Scraping Multiple Sites using C#

Question

I'm new in C# and data scraping and I'm not sure what should I do. I was planning to search some keywords in google then get the title and description and url of those in search results then use the url in seocheki.net then extract the data too. How should I do it?

I still don't know what to do to extract google search result yet so I tried to to get the data in seocheki.

I tried to use HTMLAgilityPack to get the data in seocheki

    private async Task<List<Seocheki>> ResultFromSeocheki(int pageNum)
    {


        string url = "http://seocheki.net/site-check.php?u=http%3A%2F%2Fwww.gamerankings.com%2Fbrowse.html";
        var doc = await Task.Factory.StartNew(() => web.Load(url));
        var titleNodes = doc.DocumentNode.SelectNodes("//*[@id=\"td-title\"]");
        var descNodes = doc.DocumentNode.SelectNodes("//*[@id=\"td-desc\"]");
        var keywordNodes = doc.DocumentNode.SelectNodes("//*[@id=\"td-kw\"]");
        var h1Nodes = doc.DocumentNode.SelectNodes("//*[@id=\"td-h1\"]");


        var title = titleNodes.Select(node => node.InnerText).ToList();
        var desc = descNodes.Select(node => node.InnerText).ToList();
        var keyword = keywordNodes.Select(node => node.InnerText).ToList();
        var h1 = h1Nodes.Select(node => node.LastChild.InnerText).ToList();

    }

but this is the result

enter image description here

How to scrape the data?
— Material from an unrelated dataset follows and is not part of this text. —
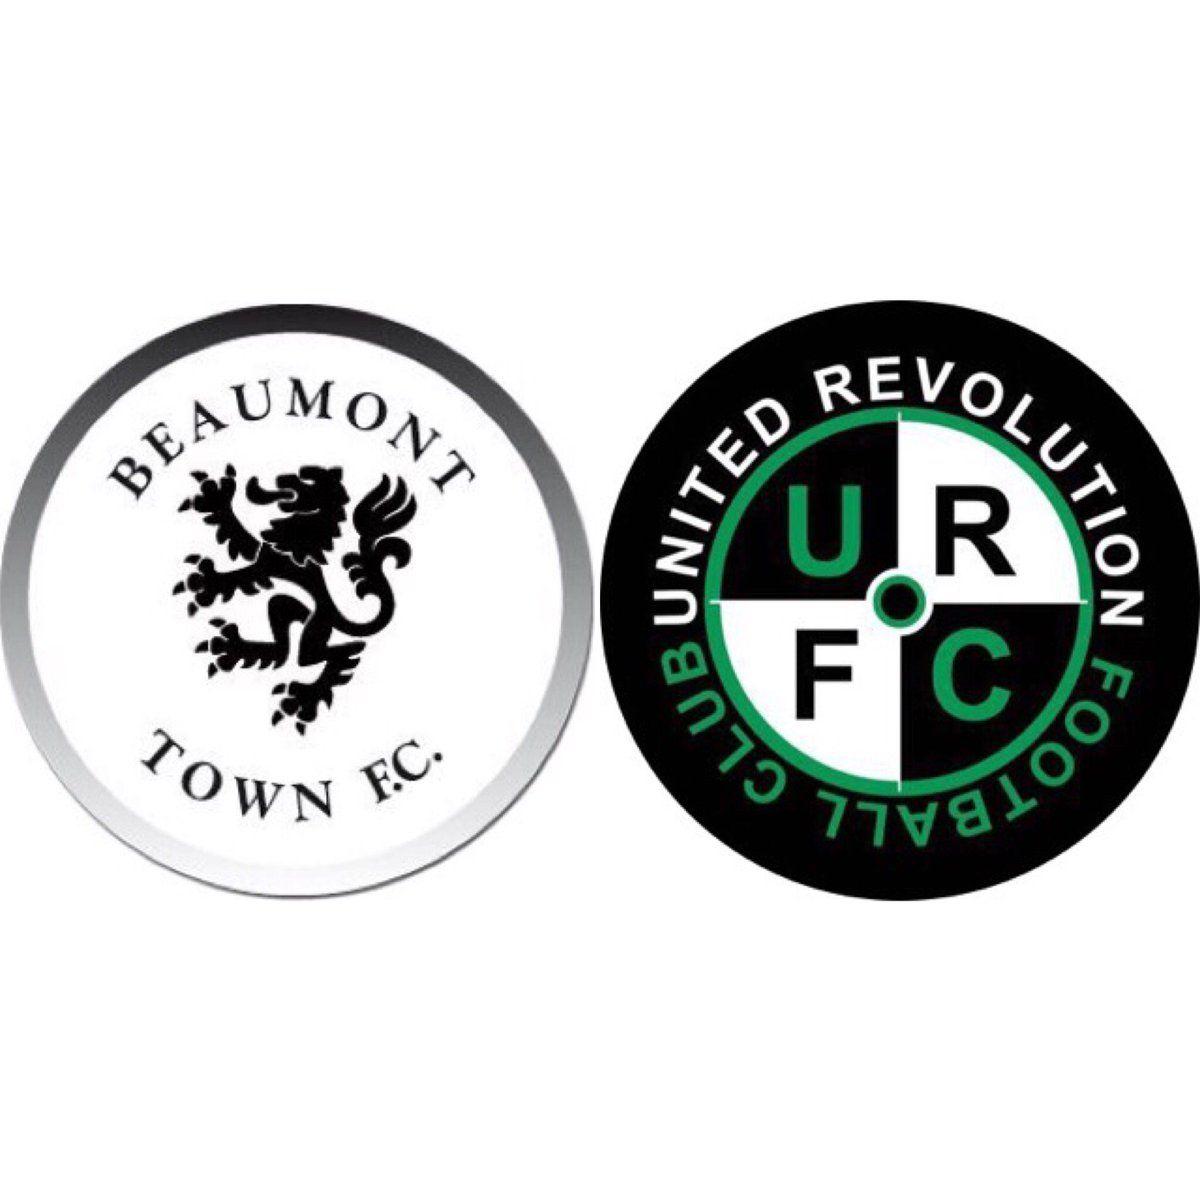 Town of Beaumont Logo - Beaumont Town Fc mens

HTMLAgilityPack doesn't seem to work to me.

score 0 · Accepted Answer · edited May 23 '17 at 12:08

Take a look at this answer: Running Scripts in HtmlAgilityPack

Basically HTMLAgilityPack is a HTML engine, if you view source on http://seocheki.net/site-check.php?u=http%3A%2F%2Fwww.gamerankings.com%2Fbrowse.html you will see the following section:

...
<th class="pelem">title</th><td id="td-title" colspan="3">&nbsp;</td>
</tr>
<tr>
<th class="pelem">description</th><td id="td-desc" colspan="3">&nbsp;</td>
</tr>
<tr>
<th class="pelem">keywords</th><td id="td-kw" colspan="3">&nbsp;</td>
</tr>
...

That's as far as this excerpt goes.